Russia’s defence ministry confirmed eight Ukrainian attempts to attack near Bakhmut but said that all had been repelled.
Addressing the issue of the dam’s destruction as Kyiv and Moscow trade blame, the Institute for the Study of War (ISW), a Washington, DC-based think tank, said Russia has “a greater and clearer interest in flooding the lower [Dnipro] despite the damage to their own prepared defensive positions”.
Believing that Ukraine had already begun its counteroffensive, the ISW said, Russian forces may have thought breaching the dam could cover their possible retreat and delay Ukraine’s advance.
However, the flooding is now heavily disrupting Russia’s prepared defensive positions along the occupied bank of the Dnipro river, the ISW said on Thursday.
Near-infrared imagery captured at 0400 am ET on June 7 indicates that flooding is heavily disrupting prepared Russian defensive positions on the east bank of the #Dnipro River – especially affecting Russian first-line positions in Hola Prystan & Oleshky. https://t.co/W6mPtd0HgQ https://t.co/ai9DXhGgrC pic.twitter.com/7A4tXHzqdb
— ISW (@TheStudyofWar) June 8, 2023
“The flooding has destroyed many Russian first-line field fortifications that the Russian military intended to use to defend against Ukrainian attacks,” the ISW added.

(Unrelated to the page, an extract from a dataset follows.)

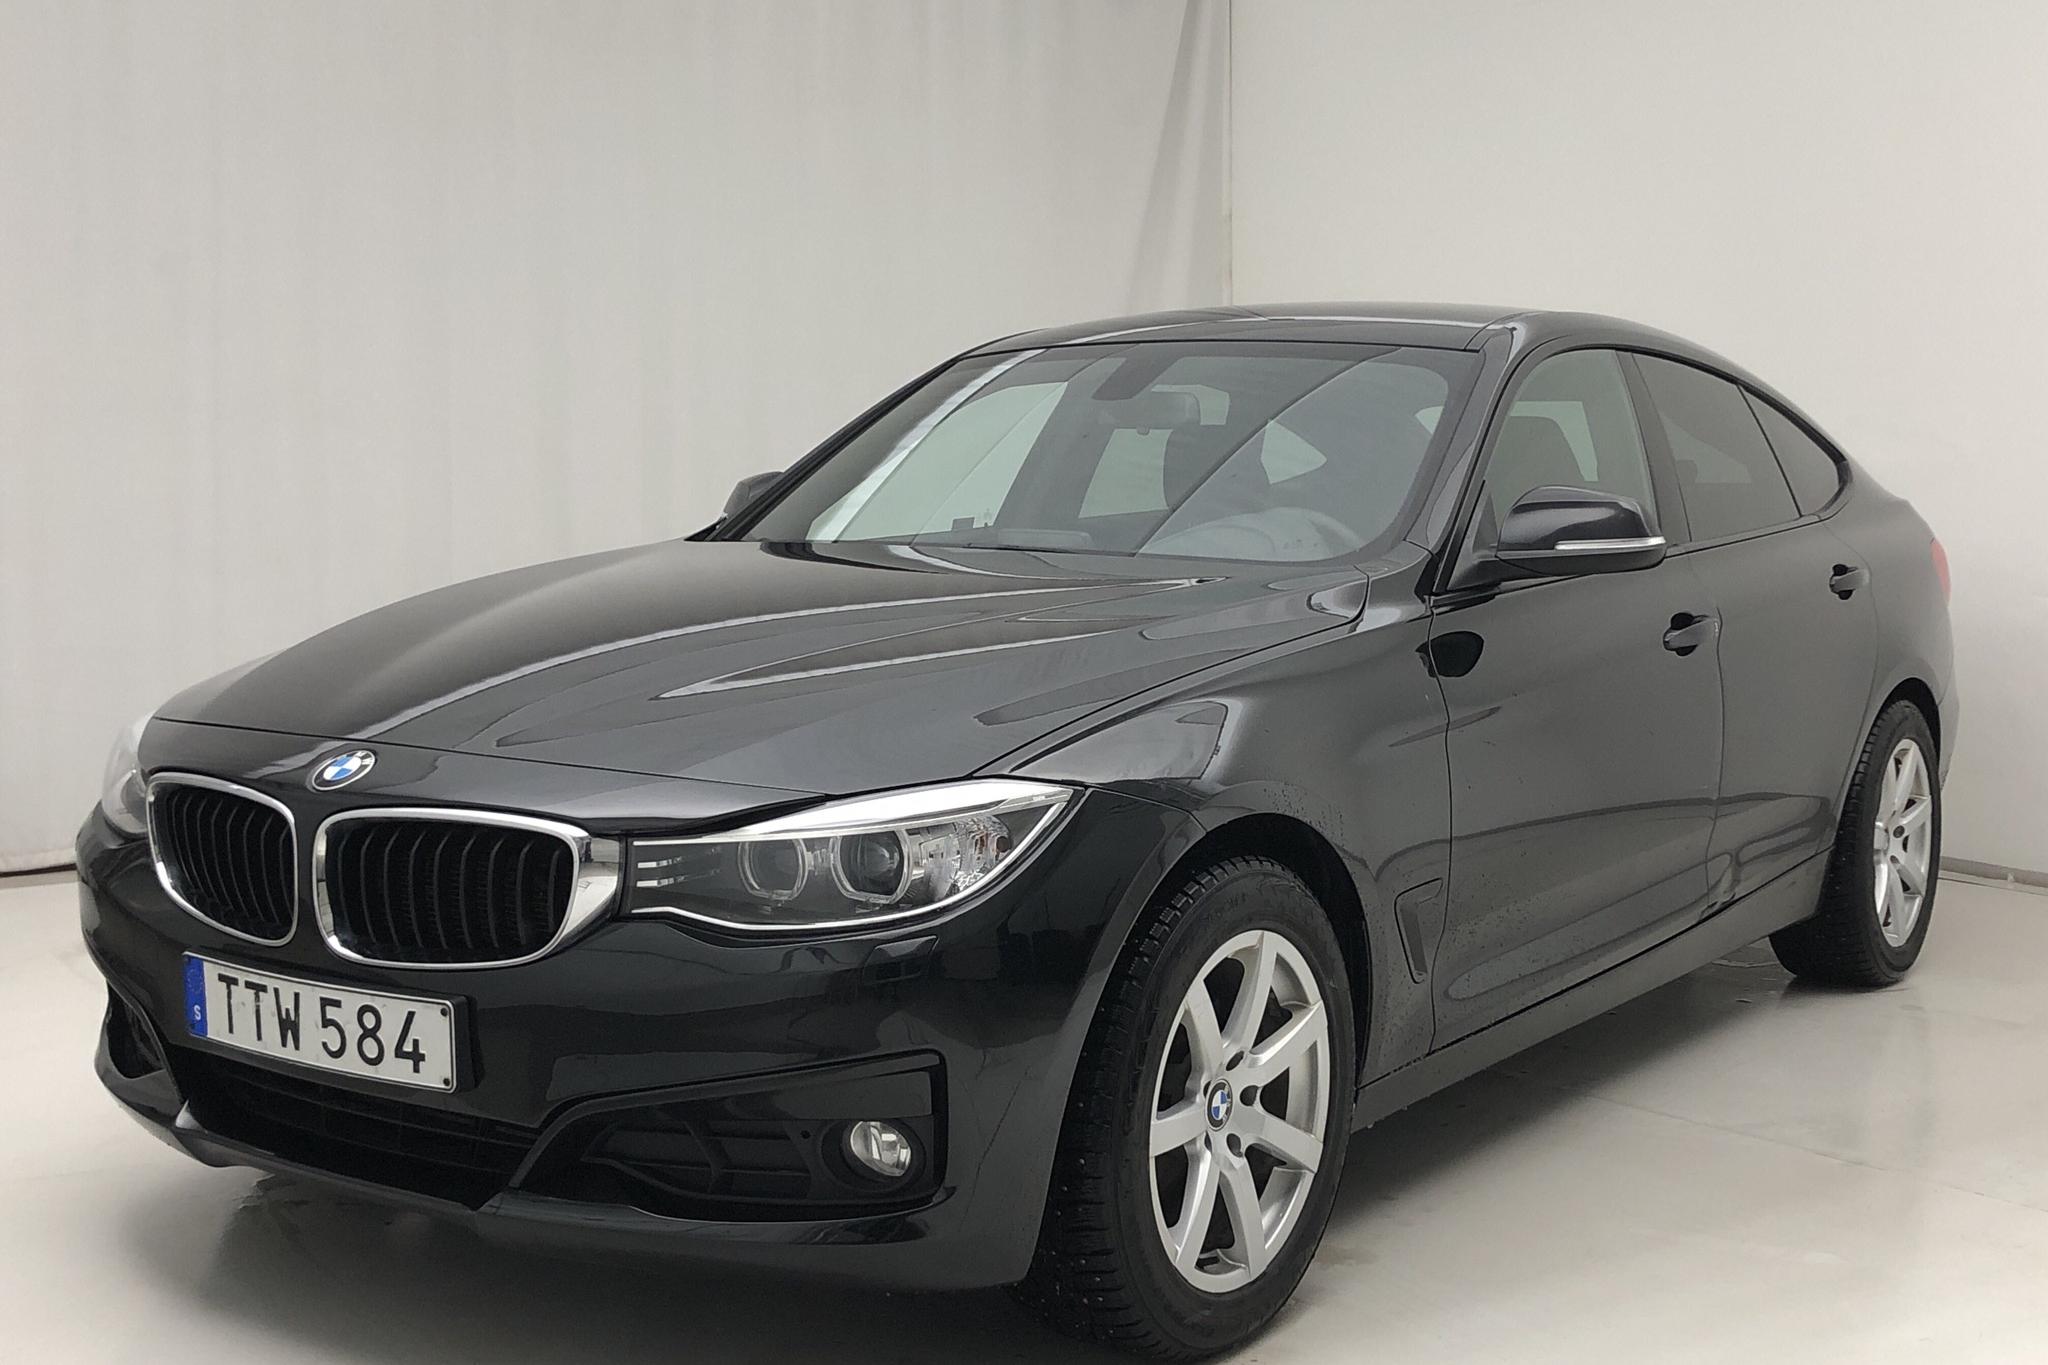 BMW 320d GT xDrive, F34 (184hk) - 178 590 km - Automatic - black - 2015

Authorities are now warning of the impact on global hunger and the environment due to the dam’s destruction with the UN’s World Food Programme (WFP) warning that the flooding could destroy crops and lead to greater hunger worldwide.
Ukraine’s agriculture ministry said that it expects about 10,000 hectares (38.6 square miles) of agricultural land on the northern bank of the Dnipro river in the Kherson region to be flooded, according to initial estimates. On the southern bank, in the Russian-occupied region, this area will be flooded many times, the ministry said on its website.
Environmental organisation Greenpeace also warned of enormous damage to the country’s water supply and food security.
“Due to the scale of the disaster […] there will be inevitable impacts on the water supply for millions of people and agriculture during the coming summer months and beyond,” Greenpeace said.